Purification of Organic Compounds: Methods of Liquids Purification

Purification of Organic Compounds: Methods of Liquids Purification

Edited By Shivani Poonia | Updated on Oct 19, 2024 12:38 PM IST

The busy world of organic compounds is purified continuously, which is this fundamental activity that gives access to pure compounds for every form of useful application, be it in research or in fine chemicals for the production of drugs, subject to demonstration of feasibility and improved manipulability, then it calls for these stringent protocols for the separation and purification of organic compounds. This is a technique that cannot simply be box-contained within the closed walls of a laboratory setup.

It finds application in almost every type of industrial setting, be it in the area of health sciences or food processing, environmental sciences, and many more. Consider, for instance, a field that highly takes up this: pharmaceuticals. In this field, the effectiveness of a given drug counts highly on the level of purity the biologically active compound attains. Impurities tamper in a major way with the efficiency and safety profile of the drug and are thus tantamount to setting a precedent of offering health risks to patients. Equally, in the case of environmental science, at many times the purification of organic compounds may be needed to rid of pollutants in water and soil, which can harm ecosystems and hence human health.

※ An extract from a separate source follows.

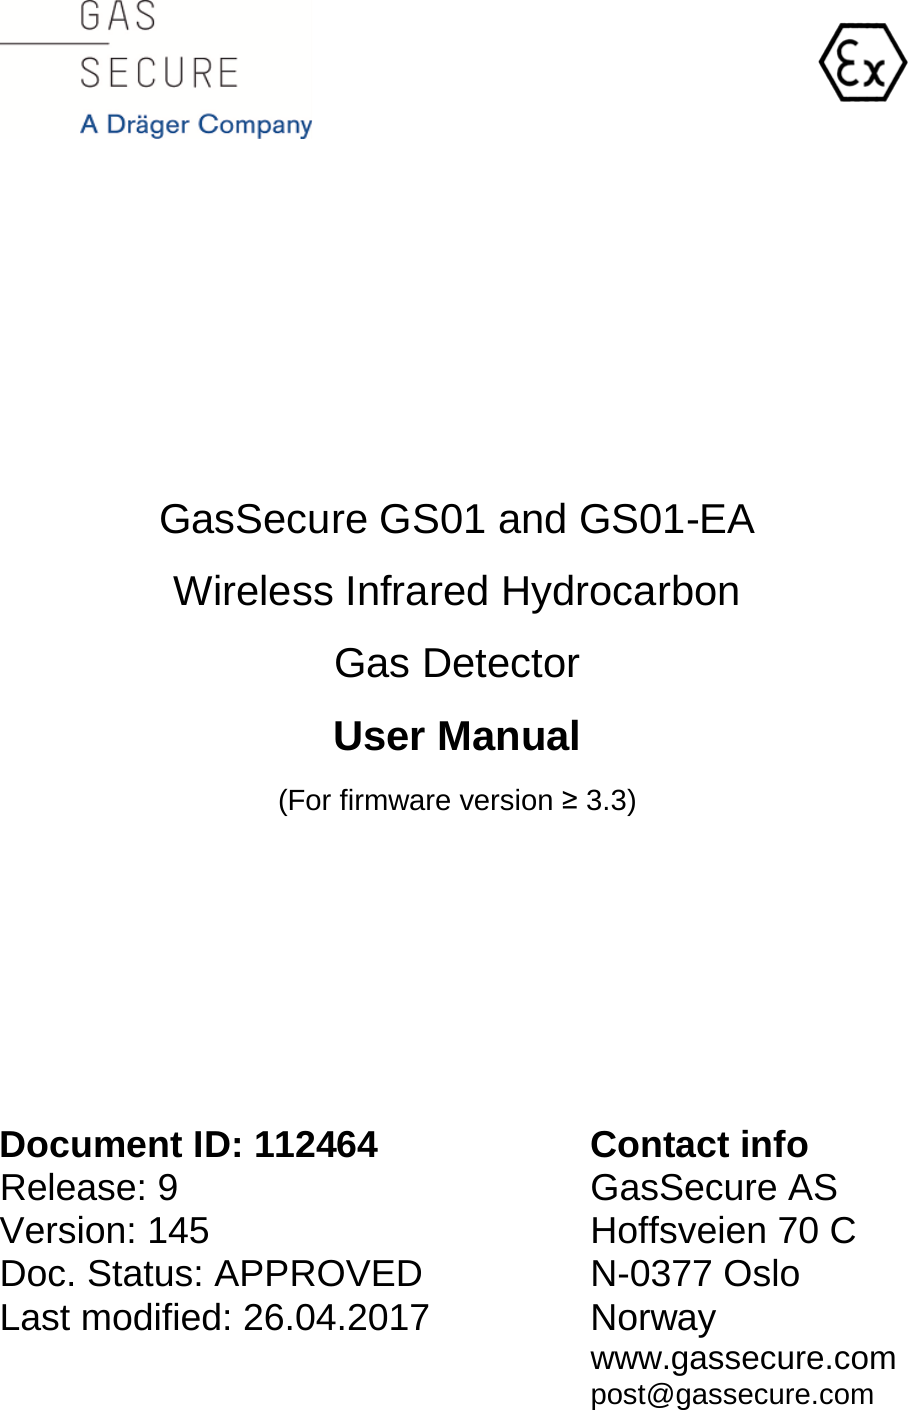                                                                 GasSecure GS01 and GS01-EA Wireless Infrared Hydrocarbon Gas Detector User Manual (For firmware version ≥ 3.3)          Document ID: 112464 Contact info Release: 9    GasSecure AS Version: 145    Hoffsveien 70 C Doc. Status: APPROVED  N-0377 Oslo Last modified: 26.04.2017 Norway     www.gassecure.com     post@gassecure.com

The Techniques of Purification

Purification of organic compounds is the process of separating the compound under interest from impurities and unwanted by-products of the reaction. These enterprises are considered to be significant in qualitative analysis, synthetic purposes, and the use of compounds in their pure form. Among these properties that enable such decisions on the choice of the method of purification include the melting or boiling point, solubility, and polarity of the compound. Some general methods of purification of organic compounds include sublimation, crystallization, distillation, extraction, and chromatography.

Sublimation and Crystallization

This is a process by which a solid substance changes directly into the state of a gas, without passing through the liquid phase.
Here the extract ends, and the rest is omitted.